Ok. I'm fine with hardcoding it. Can be extended any time later.

aprokop commented 7 years ago

@tawiesn Thinking further, we can actually make use of it now. If we make the loop a function/functor and template it on some Filter which supports

bool operator()(LocalOrdinal i, LocalOrdinal j, Scalar value, MagnitudeType eps);

we would be able to unify classical and distance laplacian variants. I think this would work. Just need to make sure we don't lose performance.

tawiesn commented 7 years ago

@aprokop What are the parameters of the functor? Row, column, matrix entry and a drop tolerance? Returns true if the entry should be kept, otherwise false? The user can provide a application-specific functor. If he does not we would use the default functor (or the distLap functor?)

aprokop commented 7 years ago

What are the parameters of the functor? Row, column, matrix entry and a drop tolerance?

Yes!

Returns true if the entry should be kept, otherwise false?

I was thinking the opposite: true if dropped, false if not.

The user can provide a application-specific functor. If he does not we would use the default functor (or the distLap functor?)

Yes. The question would be: what's the best way to inject user's C++ code into MueLu.
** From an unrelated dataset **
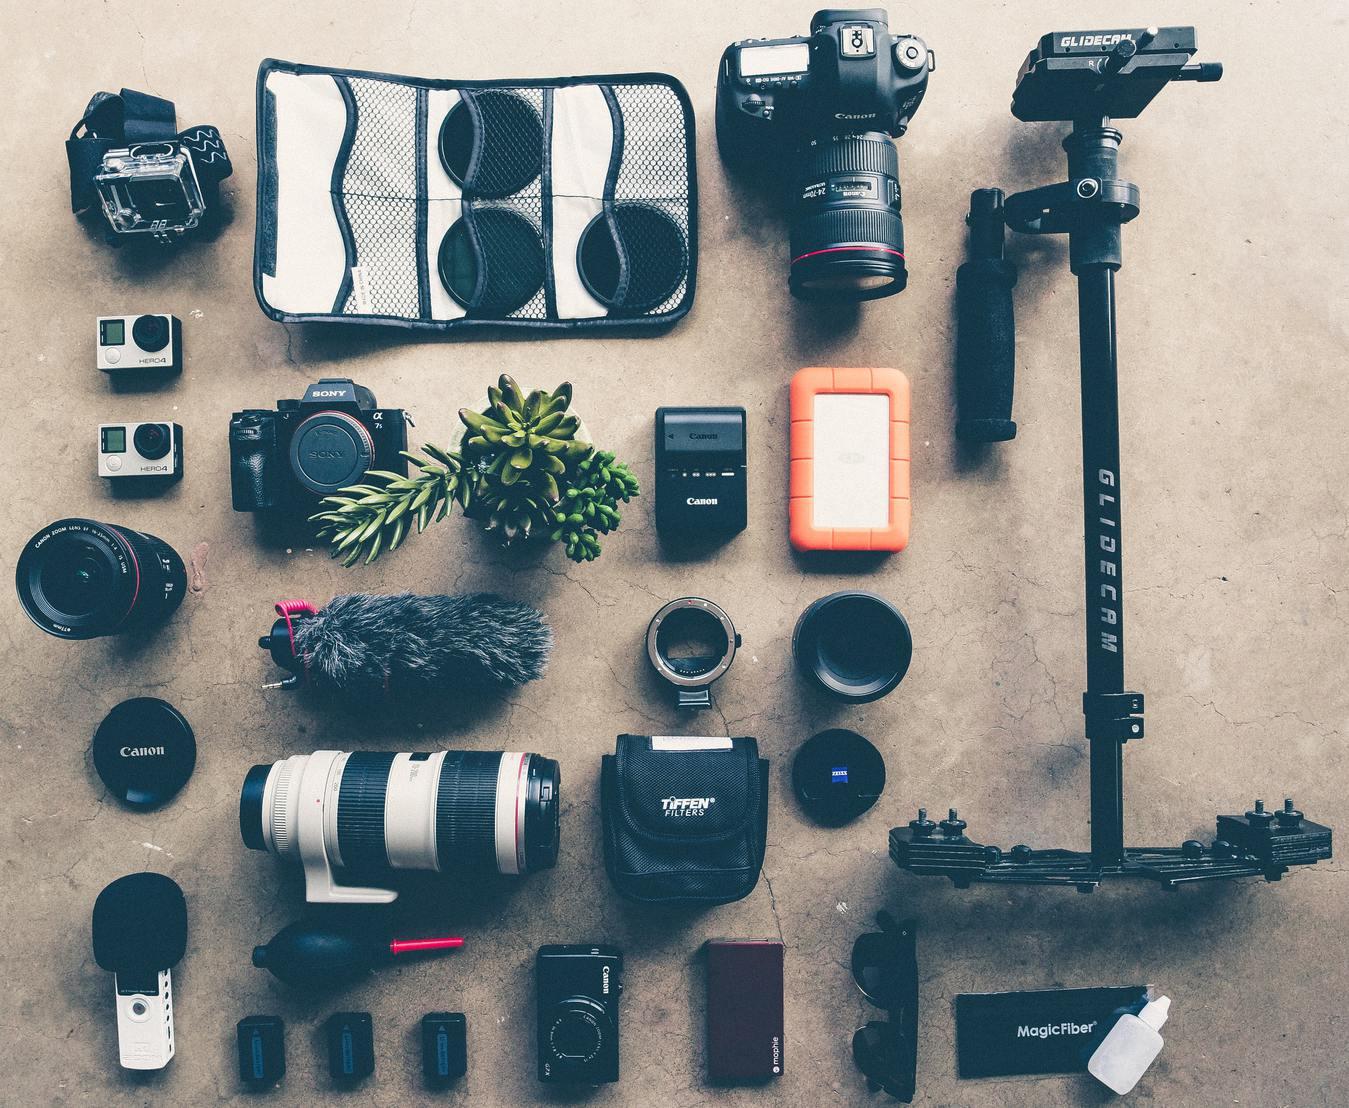 Fotoausrüstung auf dem Boden

aprokop commented 7 years ago

I've implemented (but not fully tested yet) the first version of the new (merged) CoalesceDropFactory and ran the driver on a _single processor with OMP_NUMTHREADS=1

with the following parameters:

$ ./MueLu_Driver.exe --matrixType=Laplace3D --nx=200 --ny=200 --nz=200 --node=openmp --xml=scaling_kokkos.xml --solver=none

using the following input deck:

<ParameterList name="MueLu">
  <!-- ===========  GENERAL ================ -->
    <Parameter        name="verbosity"                            type="string"   value="high"/>
    <Parameter        name="print initial parameters"             type="bool"     value="true"/>
    <Parameter        name="use kokkos refactor"                  type="bool"     value="true"/>
    <Parameter        name="synchronize factory timers"           type="bool"     value="true"/>
    <Parameter        name="coarse: max size"                     type="int"      value="1000"/>
    <Parameter        name="multigrid algorithm"                  type="string"   value="sa"/>
    <Parameter        name="transpose: use implicit"              type="bool"     value="true"/>

    <!-- start of default values for general options (can be omitted) -->
    <Parameter        name="max levels"                           type="int"      value="10"/>
    <Parameter        name="number of equations"                  type="int"      value="1"/>
    <Parameter        name="sa: use filtered matrix"              type="bool"     value="true"/>
    <!-- end of default values -->

  <!-- ===========  AGGREGATION  =========== -->
    <Parameter        name="aggregation: type"                    type="string"   value="uncoupled"/>
    <Parameter        name="aggregation: drop scheme"             type="string"   value="classical"/>
    <!-- Uncomment the next line to enable dropping of weak connections, which can help AMG convergence
         for anisotropic problems.  The exact value is problem dependent. -->
    <Parameter        name="aggregation: drop tol"                type="double"   value="0.02"/>
    <!-- <Parameter        name="filtered matrix: reuse graph"         type="bool"     value="false"/> -->

  <!-- ===========  SMOOTHING  =========== -->
    <Parameter        name="smoother: type"                       type="string"   value="CHEBYSHEV"/>
    <ParameterList    name="smoother: params">
      <Parameter      name="chebyshev: degree"                    type="int"      value="2"/>>
      <Parameter      name="chebyshev: ratio eigenvalue"          type="double"   value="7"/>
      <Parameter      name="chebyshev: min eigenvalue"            type="double"   value="1.0"/>
      <Parameter      name="chebyshev: zero starting solution"    type="bool"     value="true"/>
    </ParameterList>
</ParameterList>

The result is attached. The cost of the new CoalesceDropFactory has slightly increased but the full cost of the FilteredAFactory is gone.

new_vs_new

This is with a single loop now instead of three + an additional (slightly smarter) compression routine in the new CoalesceDropF. If also supports constructing a new graph but with this parameters it's more expensive as tol=0.02 does not actually drop anything.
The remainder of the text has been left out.